Welcome to Part 6 in the “So You Want To Learn BI” series! The first five posts in the series were on the old blog at blogspot – you can find them here. This is my first post on SQLBlog. All future posts will be made here, so please subscribe to this blog or to the main SQLBlog feed if you want to follow along!
Data Mining. Probably the most overused and abused term in modern computing. Not really. But it’s overused an awful lot, and very few people understand what data mining really is. Data mining is not comparable to anything we’ve looked at so far.
With OLTP queries, we’re answering a very specific question – for instance, how many units of a given product were sold, by territory, for the last year. OLAP (Analysis Services) makes this sort of querying significantly more accessible by presenting the dataset to a business user in a format that they can easily consume. Said business user can then pivot and slice the data any way they wish. This is great, but it still relies on said user actually knowing what they’re looking for. What happens when we’re looking for an answer to a more open-ended question? For example, let’s say that you’re “mining” a dataset containing retail purchase information. Using OLAP or OLTP, you can ask “how many copies of Guitar Hero were sold, by country, over the last 12 months?”, and you’d find out. But if you wanted to answer the question….who buys the most Guitar Hero…not just by region….but by every demographic that we collect – well, that’s where data mining kicks in. You see, data mining employs algorithms to find patterns in your data. Using one particular data mining algorithm (called a clustering model), you can indeed find out that 42 year old men from Wisconsin play way, way too much Guitar Hero.
Data mining involves a number of different types of mining models (to mine for different sorts of patterns), and the Self-Paced Training Kit (see the rest of the posts in this series if you don’t know what I’m talking about) does a great job of introducing them. You go through the process of creating and training models, and then you use the data mining viewers built into BIDS to explore the patterns that your mining models generated. The authors show you how to measure the accuracy of your mining models, and how to select the best model for a given application.

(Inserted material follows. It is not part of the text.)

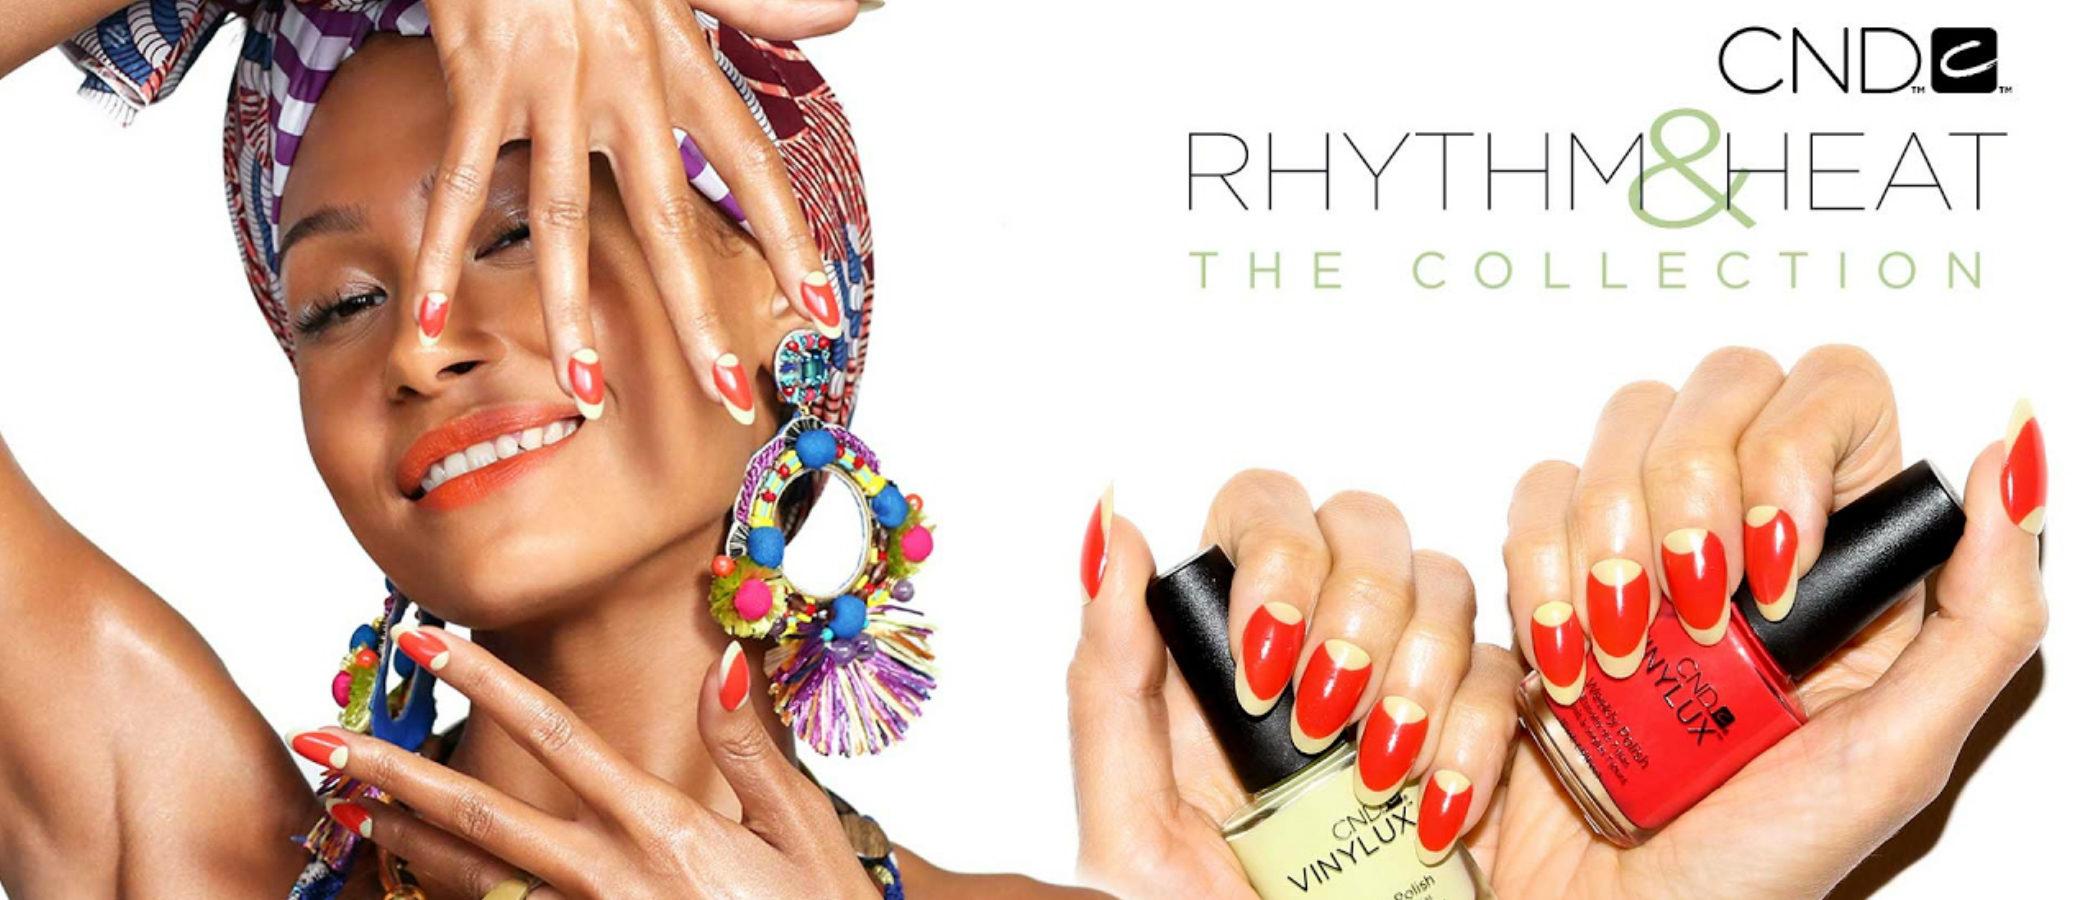 CND presenta 'Rythm&Heat', una colección de lacas de uñas llena de color

More than any other chapter in this book, I found the data mining one – to be brief and a little melodramatic – riveting. Truly extracting value from the data we work so hard to collect and maintain is like Christmas for database geeks. More and more businesses are realizing that employing Business Intelligence is required to survive and thrive in today’s world – as a database professional, it’s in your best interests to be able to hold your own in a discussion on the subject.
As with any technology, you don’t implement Data Mining “just because you can”. Unless you work in a retail or online sales environment, you may find it hard to apply some of the mining techniques you learn in this lesson to solve problems in the industry that you work in. If this is the spot that you find yourself in (as I have), I recommend you pick up a copy of Smart Business Intelligence Solutions with Microsoft SQL Server 2008.
I’ll post a review for that book at a later date, but in a nutshell it takes you through the process of designing and building real-life BI solutions using the SQL Server BI toolset. Even with this book, you may not find an application for data mining in your environment – and that’s OK. Being familiar with data mining and the types of conclusions that can be drawn using mining algorithms means that you’ll have an ace up your sleeve when the right situation comes along. Such situations can crop up in the oddest of places – for instance, check out SQL MVP Brent Ozar’s excellent post on Mining Perfmon Output using Excel and Analysis Tools for the Cloud.
That’s all for this time. The next (and final) post in this series will be on SSRS. See you soon!